## The task
All lines of the material below that include the string "office" are to be copied.

## Data supplied
========

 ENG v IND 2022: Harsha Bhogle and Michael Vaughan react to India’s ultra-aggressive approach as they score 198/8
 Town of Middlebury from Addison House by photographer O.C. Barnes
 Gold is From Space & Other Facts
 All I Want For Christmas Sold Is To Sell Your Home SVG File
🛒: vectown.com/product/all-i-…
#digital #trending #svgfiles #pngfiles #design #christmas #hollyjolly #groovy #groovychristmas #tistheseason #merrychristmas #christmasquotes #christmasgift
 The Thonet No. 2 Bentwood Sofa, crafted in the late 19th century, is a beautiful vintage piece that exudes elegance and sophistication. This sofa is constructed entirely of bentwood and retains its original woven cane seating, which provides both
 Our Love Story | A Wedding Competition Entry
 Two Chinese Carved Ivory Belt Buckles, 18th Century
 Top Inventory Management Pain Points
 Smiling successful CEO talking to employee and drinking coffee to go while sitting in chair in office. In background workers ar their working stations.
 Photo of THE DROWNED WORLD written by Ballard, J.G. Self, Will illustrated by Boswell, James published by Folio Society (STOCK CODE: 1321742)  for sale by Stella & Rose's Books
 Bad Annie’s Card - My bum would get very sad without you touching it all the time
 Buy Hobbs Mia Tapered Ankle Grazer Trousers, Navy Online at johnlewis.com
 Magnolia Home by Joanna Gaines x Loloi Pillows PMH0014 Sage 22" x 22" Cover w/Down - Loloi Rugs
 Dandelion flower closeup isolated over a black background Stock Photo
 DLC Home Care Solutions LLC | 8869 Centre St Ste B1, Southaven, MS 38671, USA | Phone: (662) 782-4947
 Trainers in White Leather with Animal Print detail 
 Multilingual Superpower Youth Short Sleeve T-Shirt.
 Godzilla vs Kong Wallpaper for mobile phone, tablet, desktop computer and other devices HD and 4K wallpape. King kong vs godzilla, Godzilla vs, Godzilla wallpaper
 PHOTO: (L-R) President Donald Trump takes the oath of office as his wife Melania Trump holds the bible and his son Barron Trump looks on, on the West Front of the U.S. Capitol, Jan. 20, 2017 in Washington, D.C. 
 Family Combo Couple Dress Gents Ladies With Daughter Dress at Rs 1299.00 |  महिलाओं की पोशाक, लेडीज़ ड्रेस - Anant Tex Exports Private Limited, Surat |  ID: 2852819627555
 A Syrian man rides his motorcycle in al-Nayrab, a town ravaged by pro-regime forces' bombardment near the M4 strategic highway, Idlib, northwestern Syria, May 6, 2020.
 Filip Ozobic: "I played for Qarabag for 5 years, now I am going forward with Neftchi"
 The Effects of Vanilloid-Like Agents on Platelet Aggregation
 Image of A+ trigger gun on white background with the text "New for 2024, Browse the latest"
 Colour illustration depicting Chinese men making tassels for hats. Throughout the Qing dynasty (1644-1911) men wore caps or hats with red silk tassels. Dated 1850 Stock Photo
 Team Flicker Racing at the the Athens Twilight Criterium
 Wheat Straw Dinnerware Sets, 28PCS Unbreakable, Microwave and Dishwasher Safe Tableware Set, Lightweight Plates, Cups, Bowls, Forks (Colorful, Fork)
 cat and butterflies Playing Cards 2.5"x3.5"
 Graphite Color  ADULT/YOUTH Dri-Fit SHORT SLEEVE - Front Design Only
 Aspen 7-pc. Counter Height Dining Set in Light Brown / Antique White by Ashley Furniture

========

## Result for this exercise
 Smiling successful CEO talking to employee and drinking coffee to go while sitting in chair in office. In background workers ar their working stations.
 PHOTO: (L-R) President Donald Trump takes the oath of office as his wife Melania Trump holds the bible and his son Barron Trump looks on, on the West Front of the U.S. Capitol, Jan. 20, 2017 in Washington, D.C. 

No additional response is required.